The above description is only of the preferred embodiments of the present invention and is not intended to limit the present invention, but various modifications and variations can be made to the present invention by those skilled in the art. Any modification, equivalent replacement, improvement, etc. made within the spirit and principle of the present invention should be included in the protection scope of the present invention.

Claims (4)

1. The application of stephanine combined with macrolide antibiotics in preparing antibacterial products;

the macrolide antibiotic is erythromycin; the bacteria are drug-resistant group B streptococcus, wherein the concentration of stephanine is 8 mug/mL, and the concentration of erythromycin is 1 mug/mL.

2. The medicine composition for preventing and treating drug-resistant group B streptococcus induced diseases is characterized by comprising stephanine and erythromycin; in the medicine combination, the concentration of stephanine is 8 mug/mL, and the concentration of erythromycin is 1 mug/mL.

3. The use of the pharmaceutical composition according to claim 2 for the preparation of a medicament for the prevention and treatment of diseases caused by drug-resistant group B streptococcus.
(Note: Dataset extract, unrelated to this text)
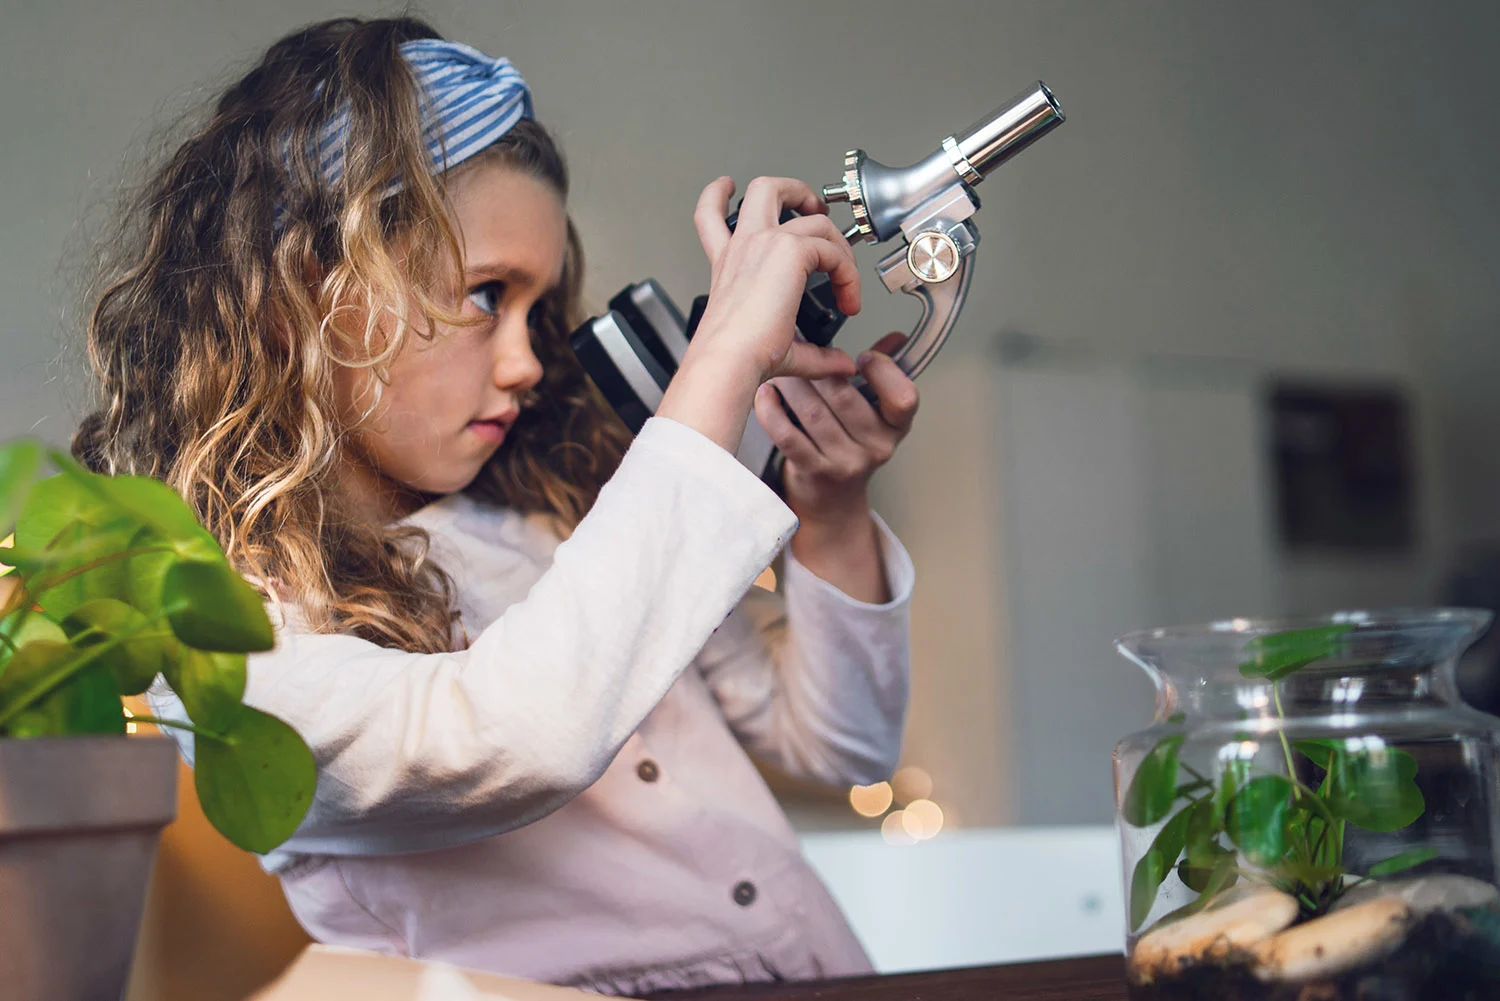 Girl looking at micro-telescope with plants on the table | Neste

4. The use of a pharmaceutical composition according to claim 2 for the manufacture of a medicament for the prevention and treatment of a drug-resistant group B streptococcus disease, wherein the disease comprises a neonatal drug-resistant group B streptococcus disease, an adult drug-resistant group B streptococcus disease;

wherein the neonatal drug-resistant group B streptococcal disease comprises two types, early onset and late onset; the neonatal onset time of early onset is within seven days of birth, including pulmonary infection, bacteremia, meningitis, and sepsis; neonatal onset of late onset, mostly within seven to three months after birth, includes meningitis, endocarditis, arthritis, osteomyelitis, cellulitis, and sepsis;

the adult drug-resistant group B streptococcus diseases comprise pregnant and lying-in women infection and other adult infections; maternal infections include chorioamniosis, endometritis, urinary infections, meningitis, endocarditis, and sepsis; other adult infections include pneumonia, meningitis, endocarditis, skin soft tissue infections, and sepsis.